Please restate each line of the data below exactly. Omit all images.

▶ _INPUT DATA_

========

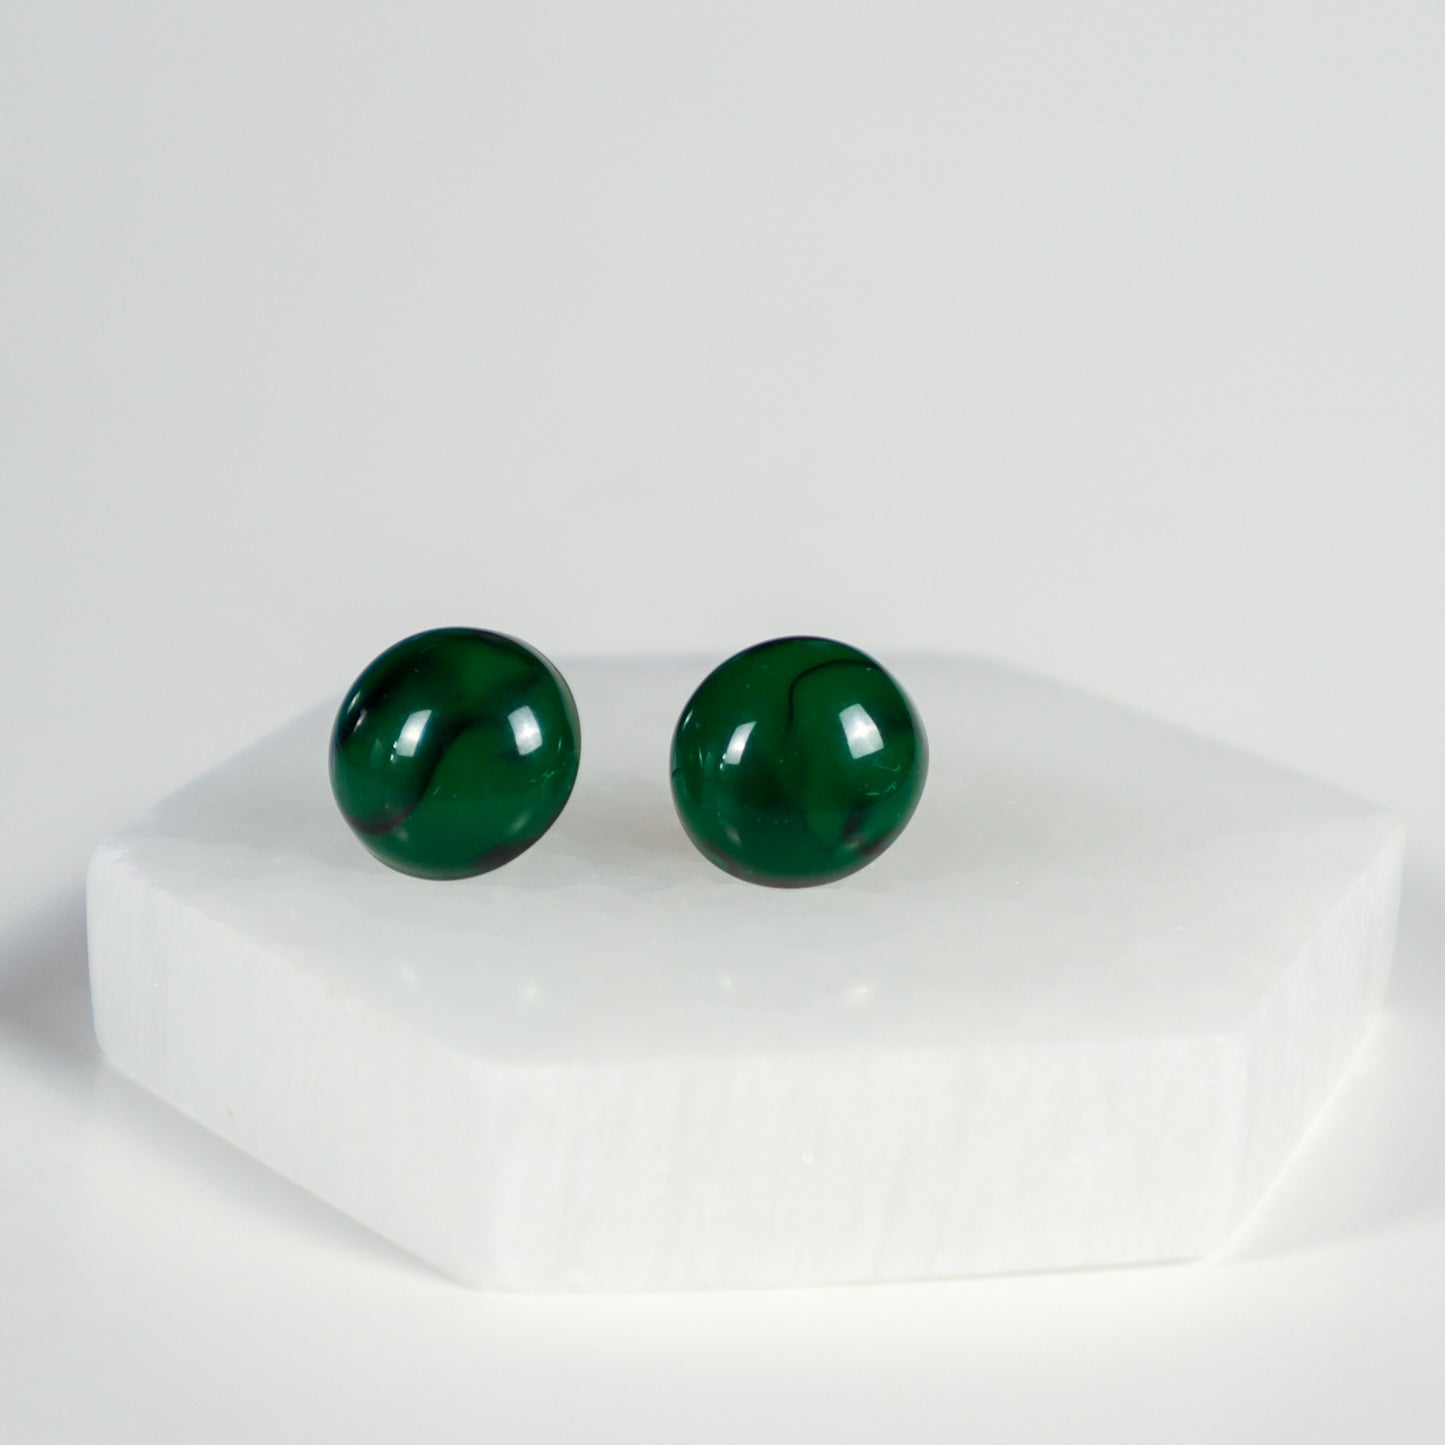 Mini Button Earrings - Forest Green with Black
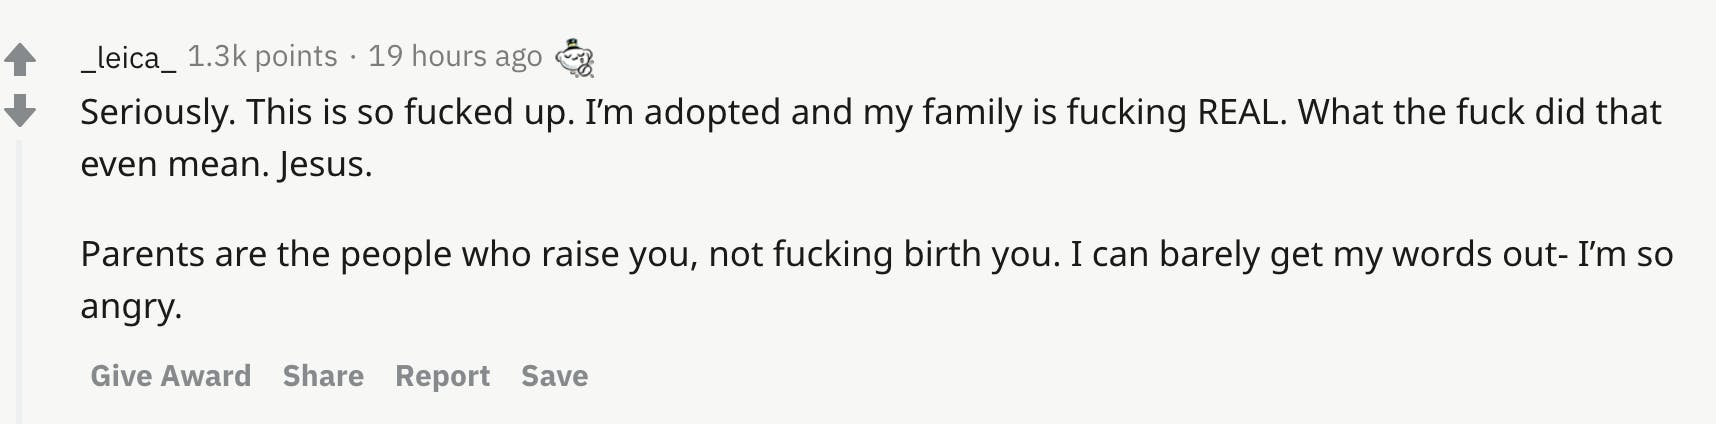 Seriously. This is so fucked up. I’m adopted and my family is fucking REAL. What the fuck did that even mean. Jesus.  Parents are the people who raise you, not fucking birth you. I can barely get my words out- I’m so angry.
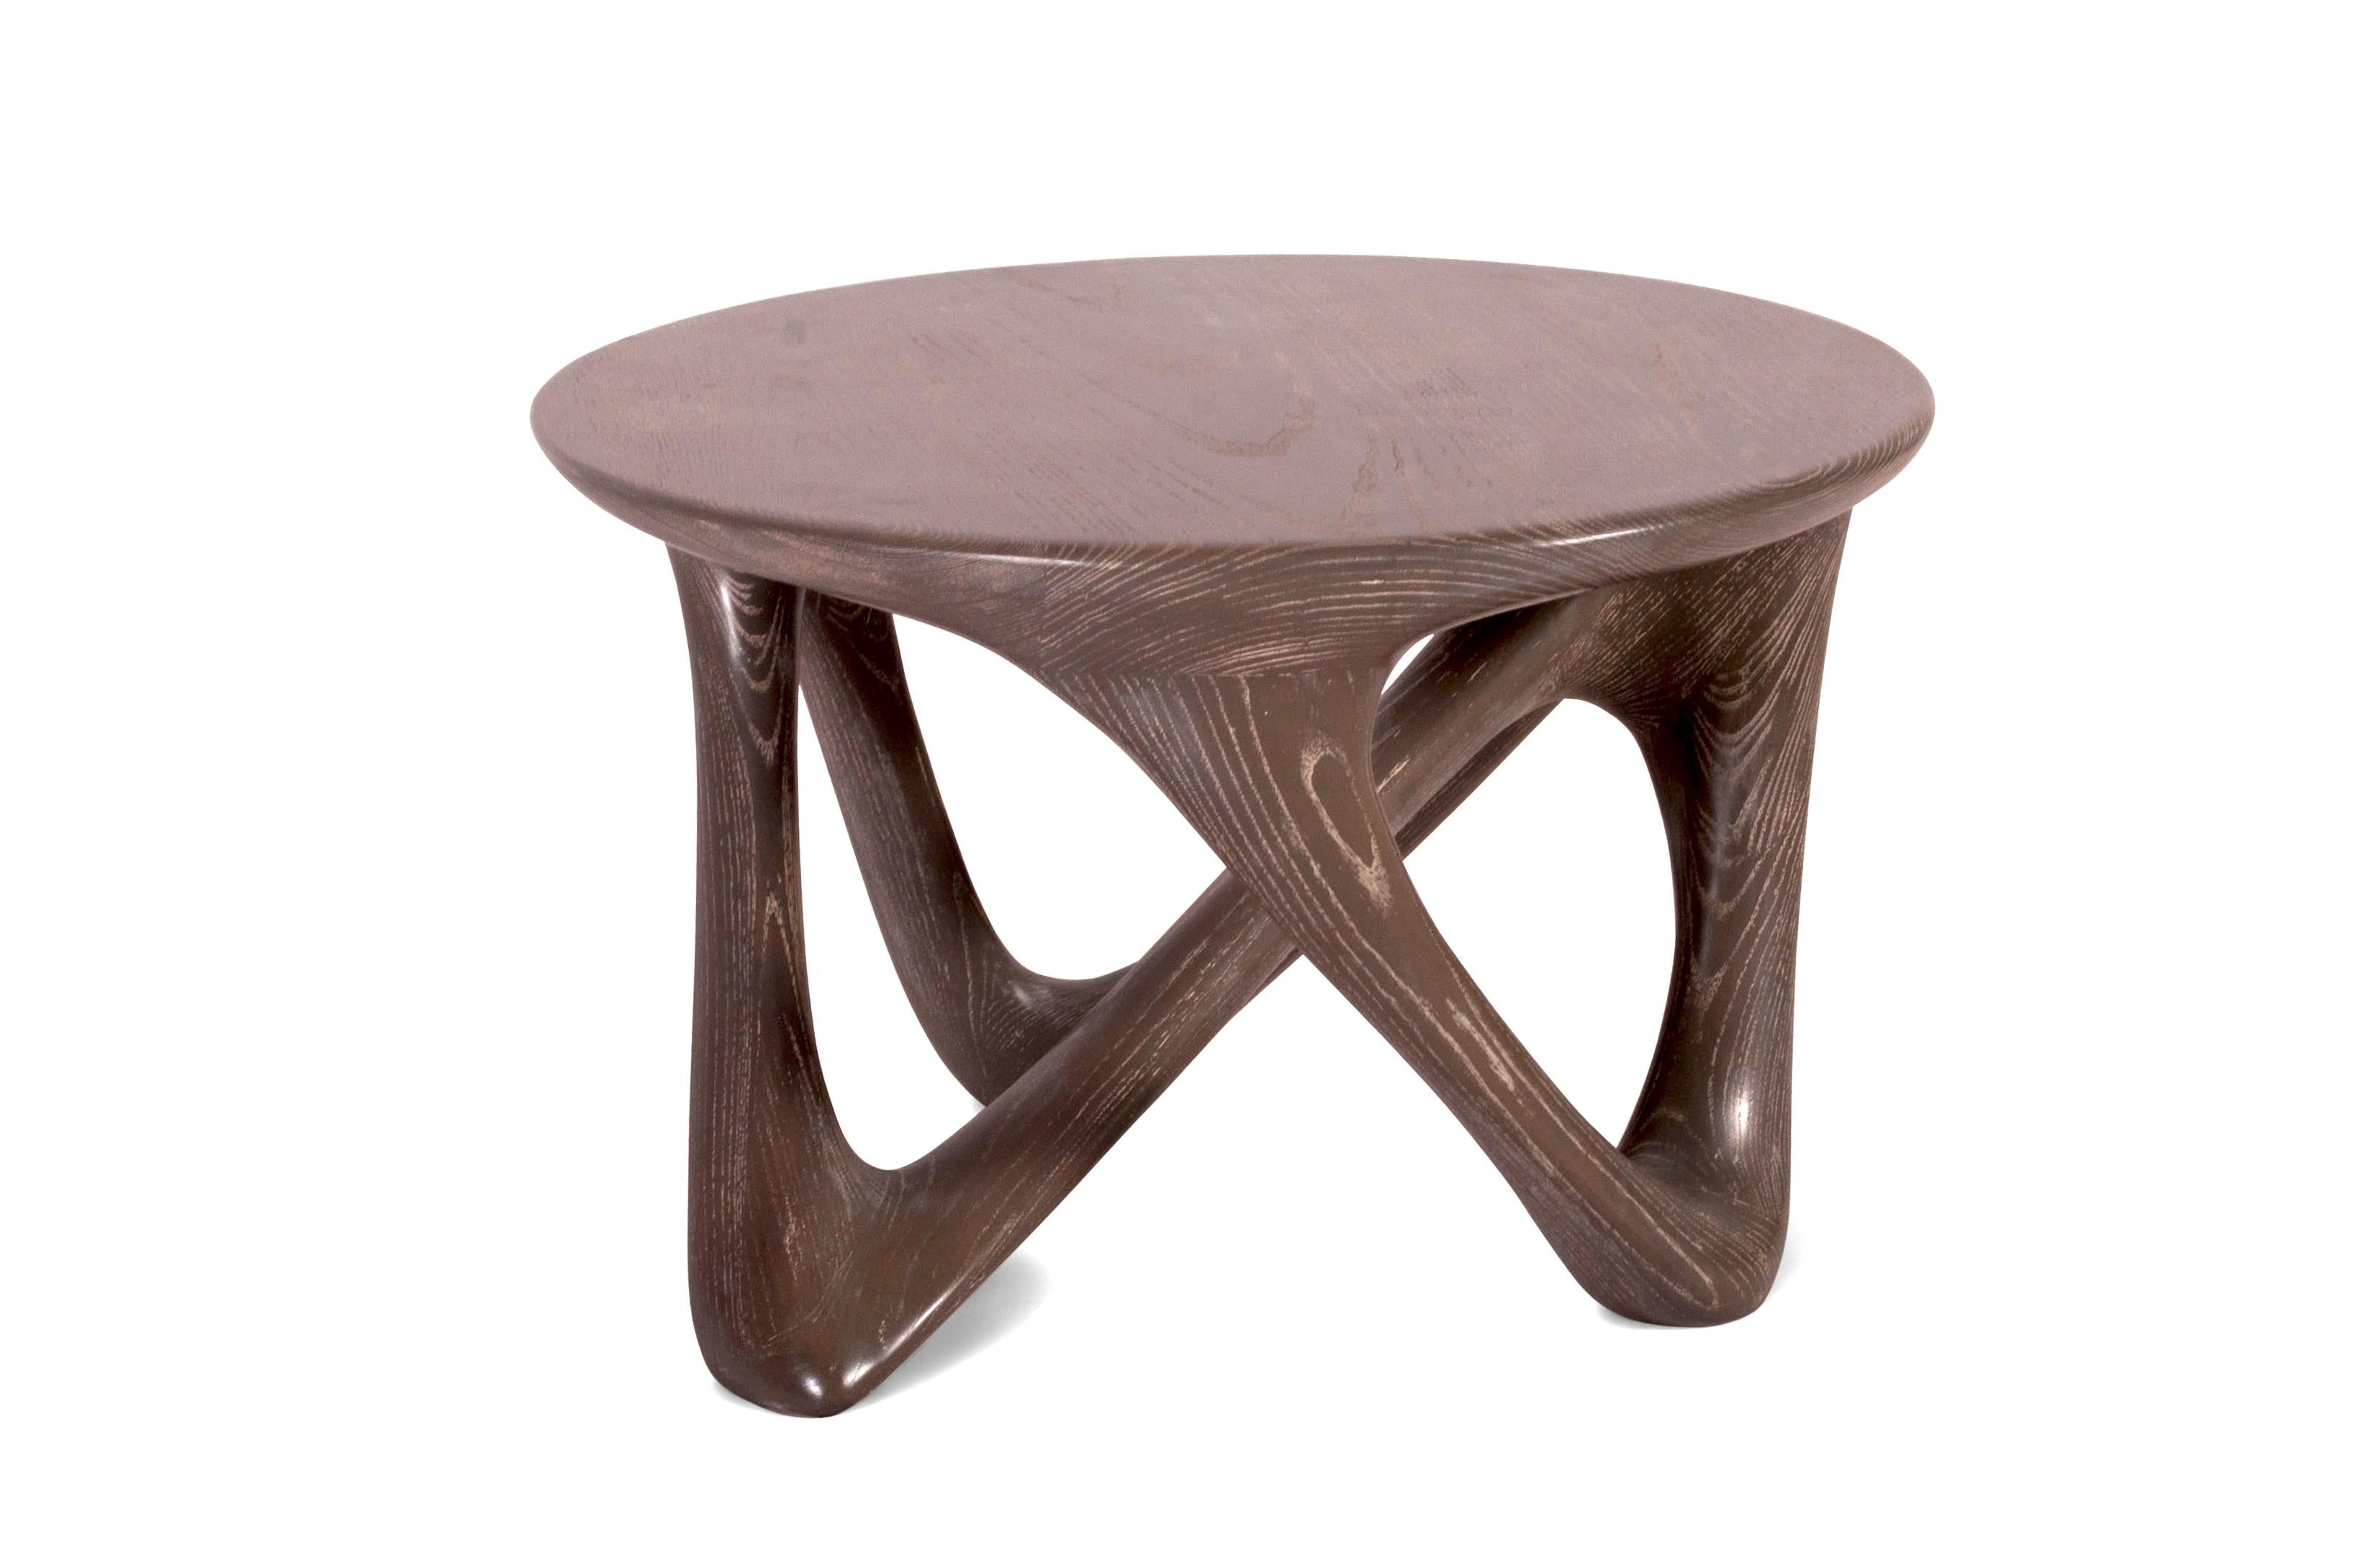 Organic Modern Amorph Ya Modern Side Table in Mesa Stain on Solid Wood For Sale

========

▶ _WRITTEN SOLUTION_
 Mini Button Earrings - Forest Green with Black
 Seriously. This is so fucked up. I’m adopted and my family is fucking REAL. What the fuck did that even mean. Jesus.  Parents are the people who raise you, not fucking birth you. I can barely get my words out- I’m so angry.
 Organic Modern Amorph Ya Modern Side Table in Mesa Stain on Solid Wood For Sale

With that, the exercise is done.